Sports Medicine | 2015
Klaus Gebel; Ding Ding; Charlie Foster; Adrian Bauman; James F. Sallis
Over the last decade, there has been a marked increase in studies about built environments and physical activity. As the number of publications is growing rapidly, literature reviews play an important role in identifying primary studies and in synthesizing their findings. However, many of the reviews of effectiveness in this field demonstrate methodological limitations that might lead to inaccurate portrayals of the evidence. Some literature reviews a priori excluded intervention studies even though they provide the strongest level of evidence. The label ‘systematic review’ has mostly been used inappropriately. One of the major criteria of a systematic review that is hardly ever met is that the quality of the primary studies needs to be assessed and this should be reflected in the synthesis, presentation and interpretation of results. With few exceptions, ‘systematic’ reviews about environments and physical activity did not refer to or follow the QUORUM or PRISMA statements.
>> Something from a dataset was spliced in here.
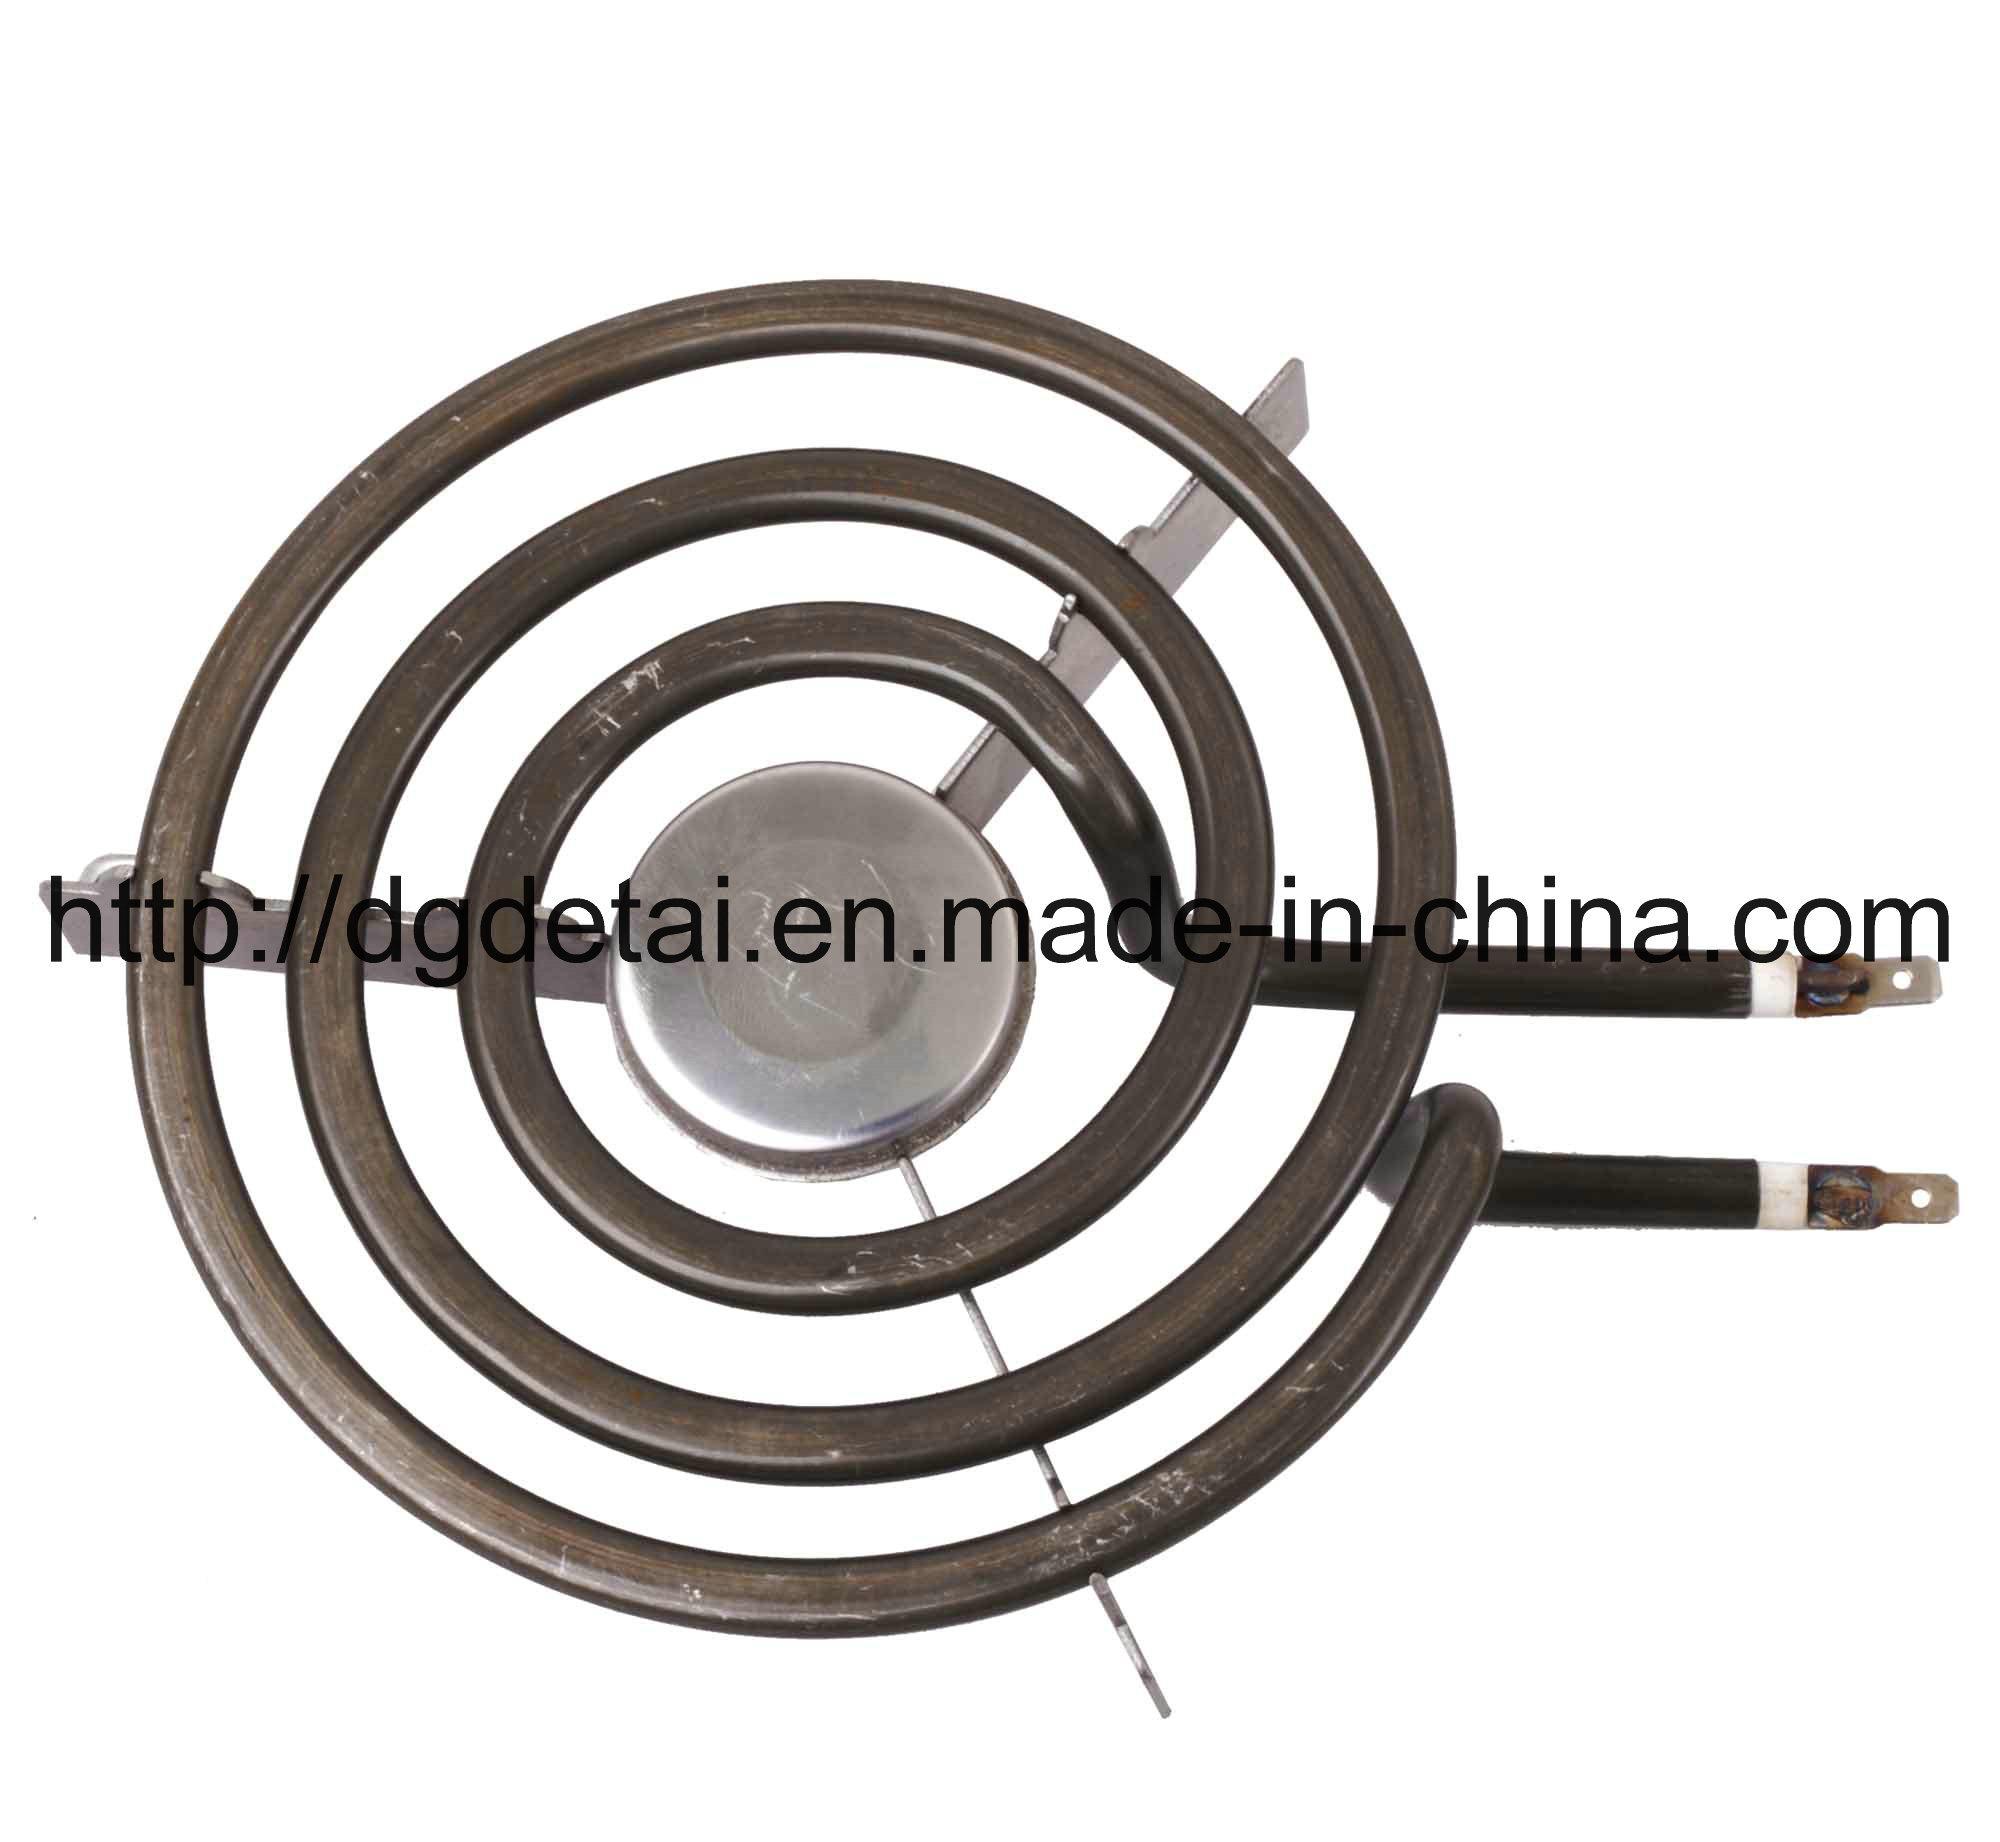 Electric Stove Parts ~ Stoves electric stove parts

This commentary points out the usefulness of the PRISMA statement to standardize the reporting of methodology of reviews and provides additional guidance to limit sources of bias in them. The findings and recommendations from this article can help in moving forward the synthesis of evidence of effectiveness not only in built environments and physical activity, but also more broadly in exercise science and public health.